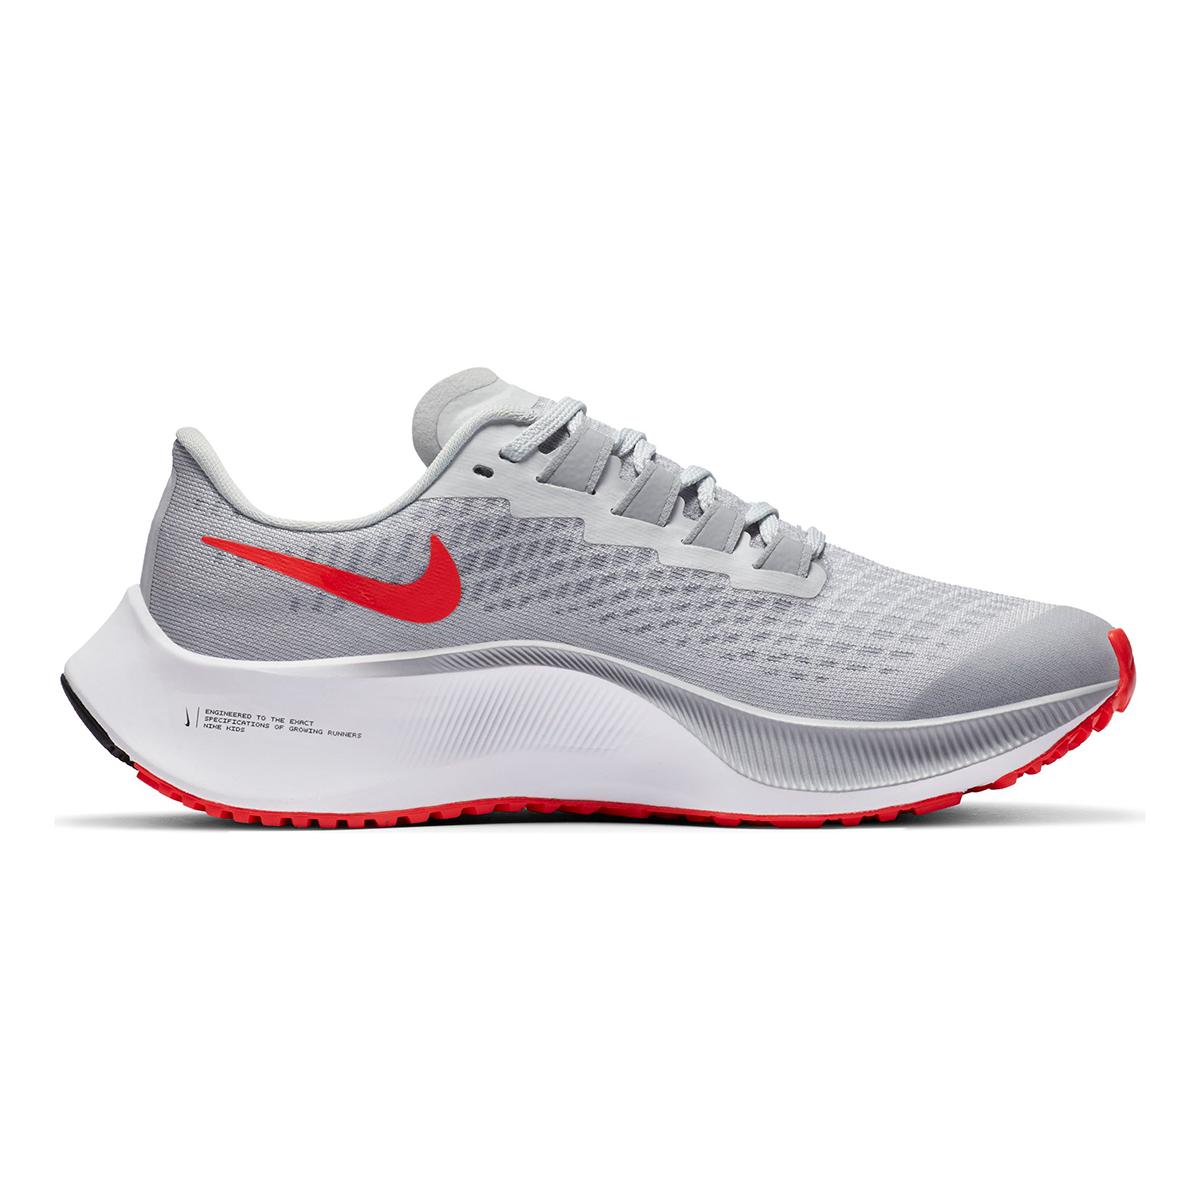 Kid's Nike Air Zoom Pegasus 37 Running Shoe - Color: Pure Platinum/Wolf Grey/Bright Crimson/Racer Blue - Size: 1 - Width: Regular, Pure Platinum/Wolf Grey/Bright Crimson/Racer Blue, large, image 2
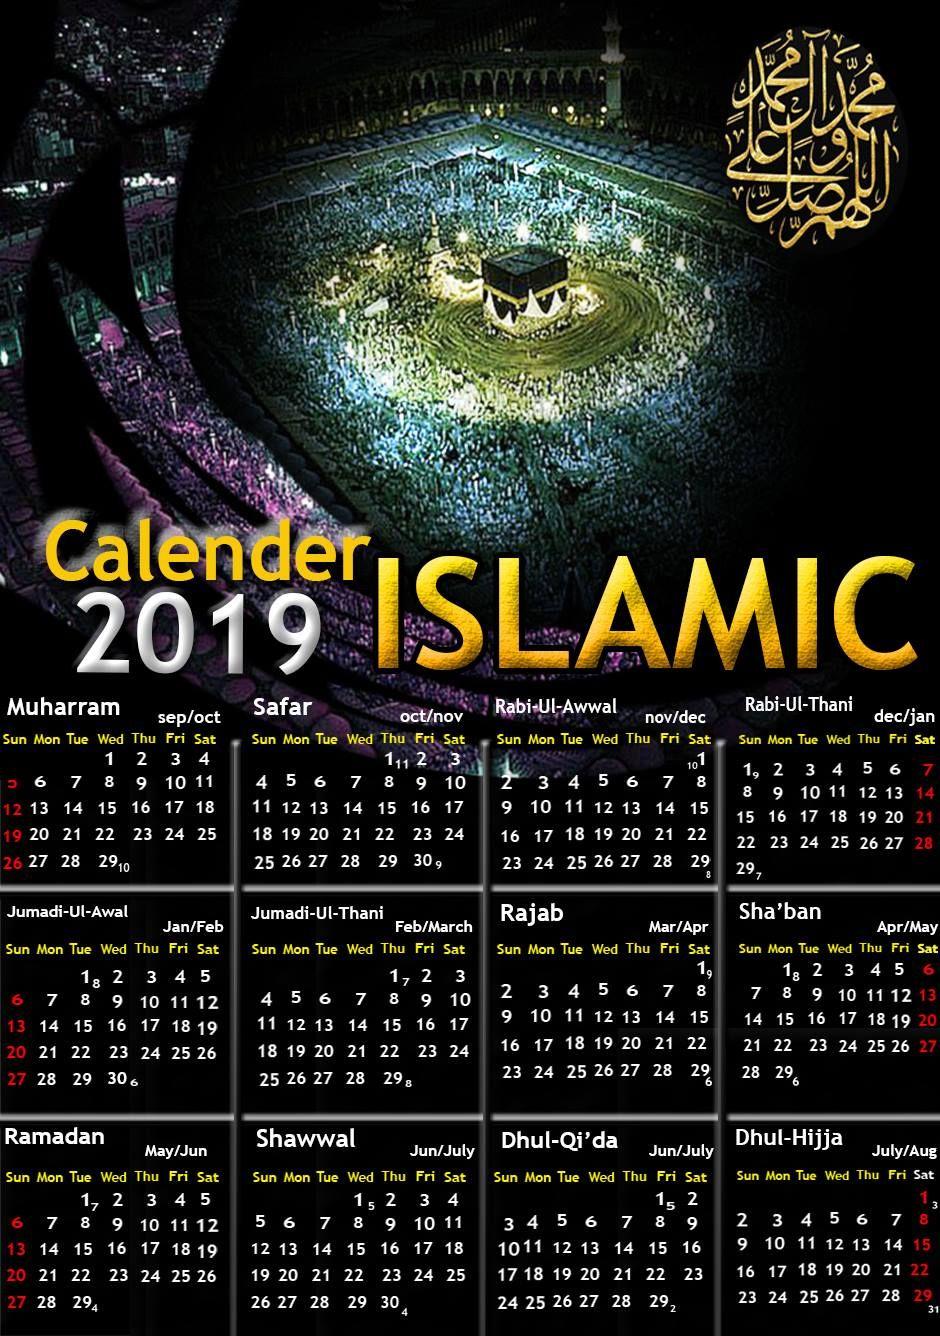 New Islamic Calendar 2019 To Download Hijri Calendar Islamic Calendar Today Calendar
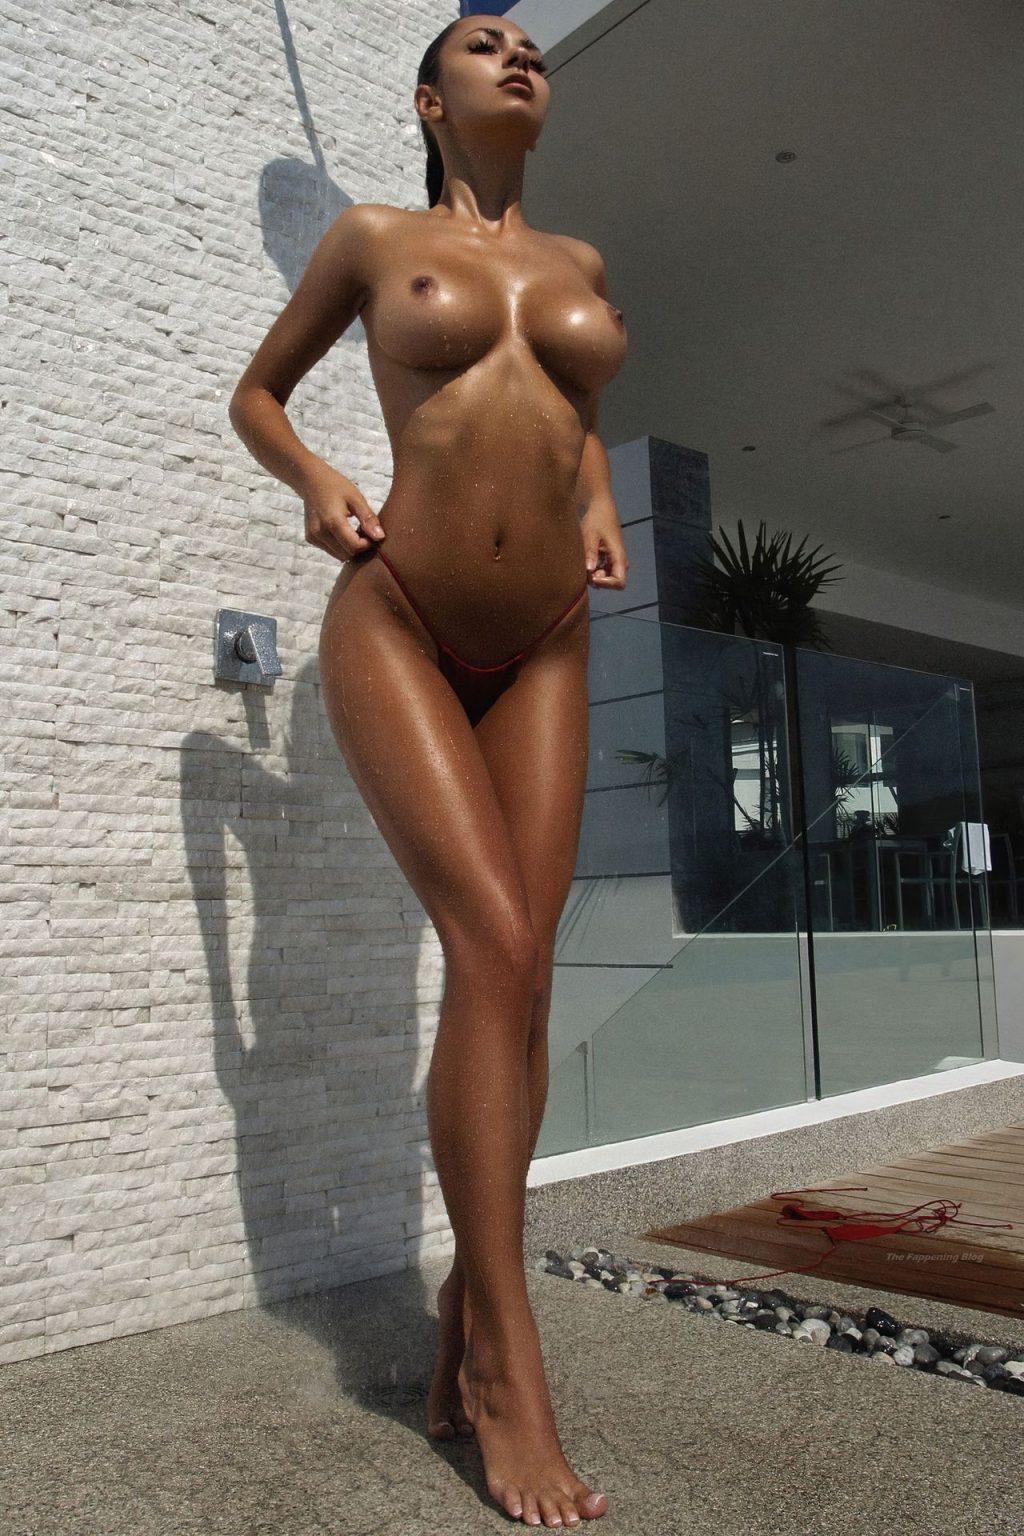 Helga lovekaty nudes
──────────
**Exercise directions**
Return the material verbatim; the images are not to appear in the copy.

**Answer to the problem**
 Kid's Nike Air Zoom Pegasus 37 Running Shoe - Color: Pure Platinum/Wolf Grey/Bright Crimson/Racer Blue - Size: 1 - Width: Regular, Pure Platinum/Wolf Grey/Bright Crimson/Racer Blue, large, image 2
 New Islamic Calendar 2019 To Download Hijri Calendar Islamic Calendar Today Calendar
 Helga lovekaty nudes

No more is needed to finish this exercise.